TLR. Currently, at least 10 different TLRs have been described, recognizing different ligands that activate the innate immune system. TLRs 3, 7, 8, and 9 are endosomal TLRs, whereas the remaining TLRs are surface, extracellular receptors.

Figure 4

Proposed zonulin intracellular signaling leading to the opening of intestinal TJ. Zonulin interacts with a specific surface receptor (1) whose distribution within the intestine varies. The protein then activates phospholipase C (2) that hydrolyzes phosphatidyl inositol (3) to release inositol 1,4,5-Tris phosphate (PPI-3) and diacylglycerol (DAG) (4). PKC-α is then activated (5), either directly (via DAG) (4) or through the release of intracellular Ca2+ (via PPI-3) (4a). Membrane-associated, activated PKC-α (6) catalyzes the phosphorylation of target protein(s), with subsequent polymerization of soluble G-actin in F-actin (7). This polymerization causes the rearrangement of the filaments of actin and the subsequent displacement of proteins (including ZO-1) from the junctional complex (8).
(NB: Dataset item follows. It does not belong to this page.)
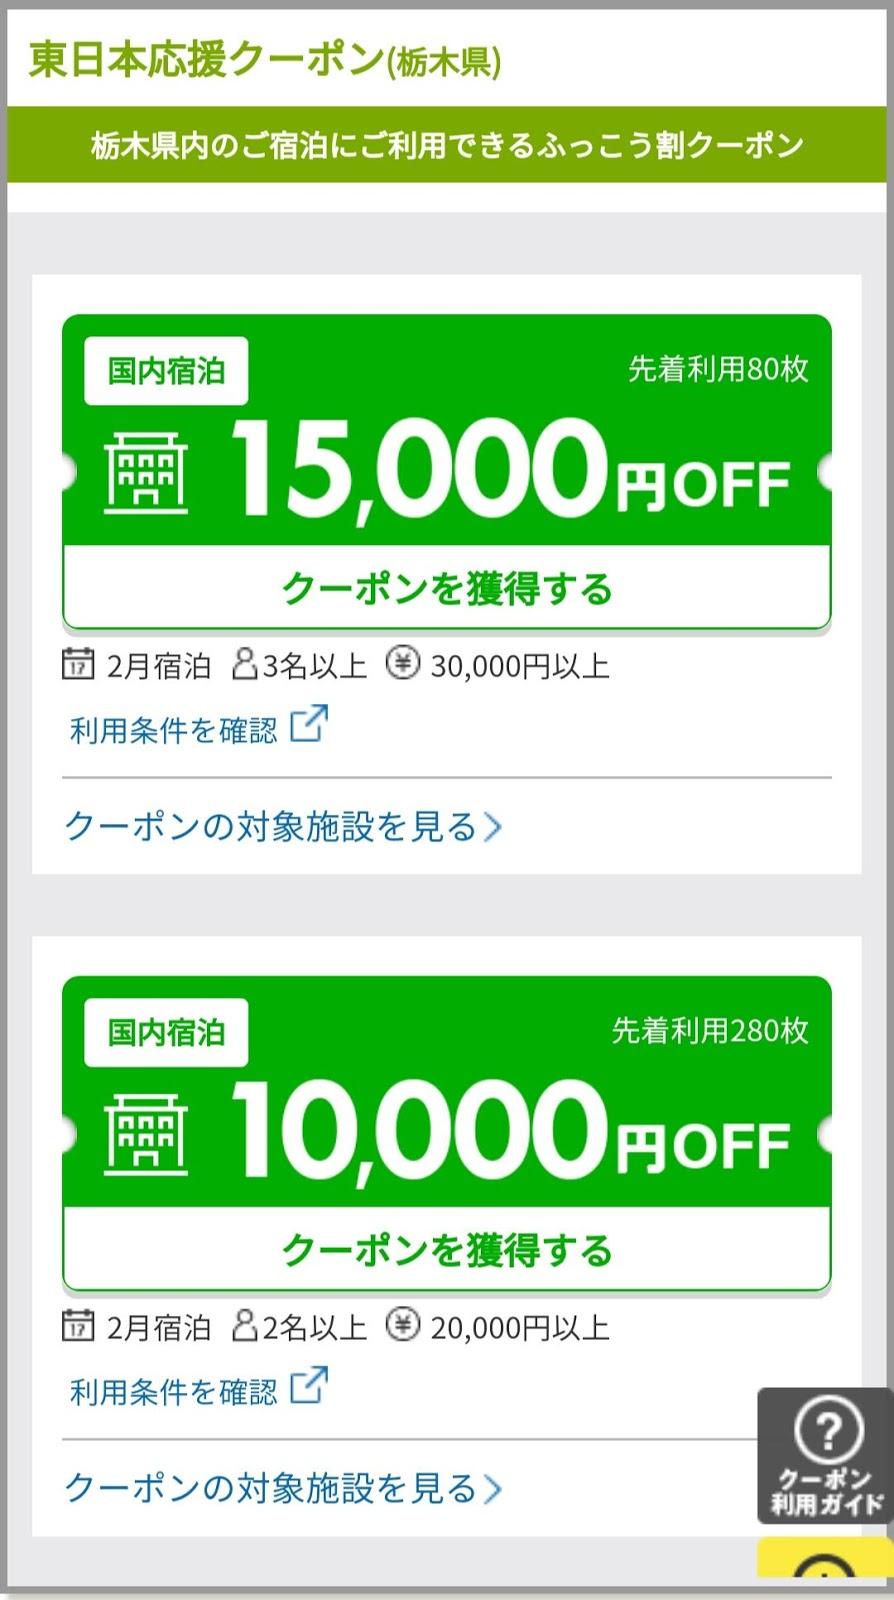 栃木 ふっこう 割 栃木県ふっこう割事業支援金でお得に旅を楽しみましょう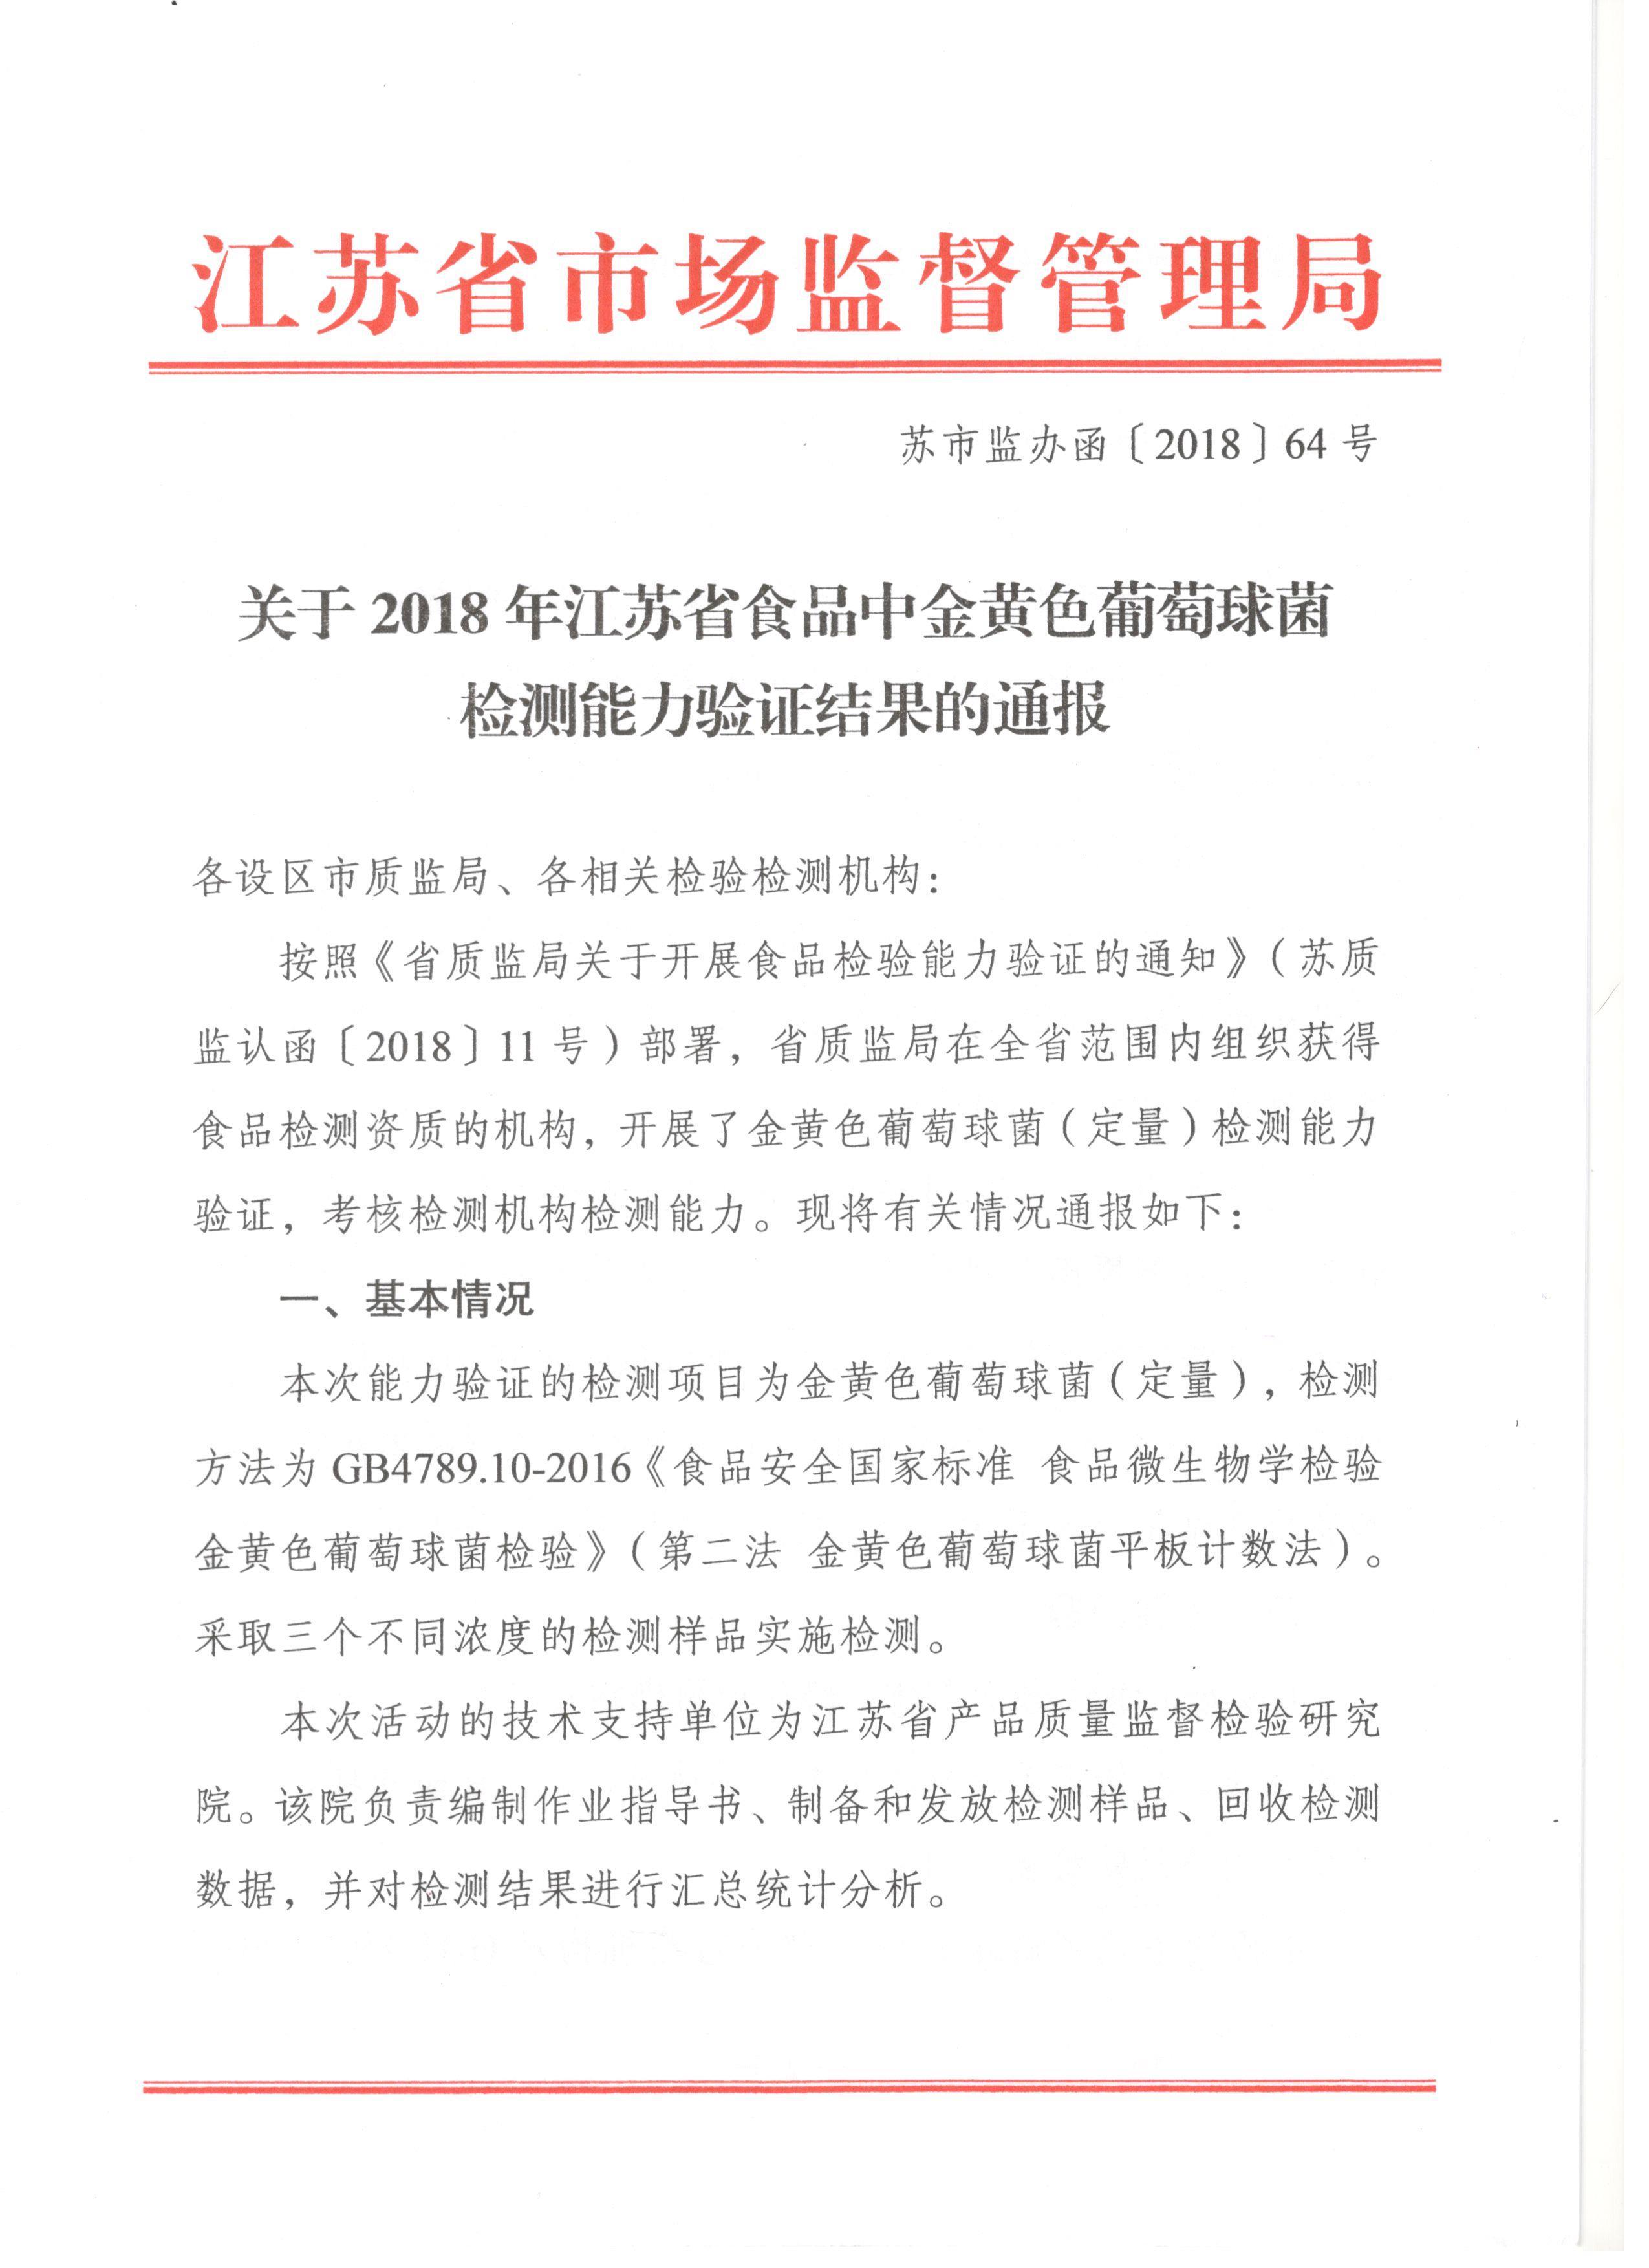 世谱检测通过江苏省市场监督管理局组织的铅和金黄色葡萄球菌能力验证

As a result, intestinal TJs become looser (see freeze fracture electron microscopy). Once zonulin signaling is over, the TJs resume their baseline steady state. Portions of this figure have been reused with permission from Proceedings of the National Academy of Sciences U.S.A. (1991, 88:5242–5246) and Molecular Genetics and Metabolism (1998, 64:12–18).

Figure 5

Proposed role of abnormal intestinal permeability in the pathogenesis of CD. Gliadin and its immunomodulatory/inflammatory fragments are present in the intestinal lumen (1), inducing MyD88-dependent zonulin release (2) that causes opening of TJs (2a) and gliadin passage across the TJ barriers in patients with dysregulation of the zonulin system (2a). After TTG deamidation (3), gliadin peptides bind to HLA receptors present on the surface of antigen-presenting cells (APCs) (4). Alternatively, gliadin can act directly on APC (3a) causing MyD88-dependent release of both zonulin and cytokines (5). Gliadin peptides are also presented to T lymphocytes (6), followed by an aberrant immune response, both humoral (7) and cell-mediated (8) in genetically susceptible individuals. This interplay between innate and adaptive immunity is ultimately responsible for the autoimmune process targeting intestinal epithelial cells, leading to the intestinal damage typical of celiac disease (9). This figure has been redrawn with permission from Nature Clinical Practice Gastroenterology & Hepatology (2005, 2:416–422).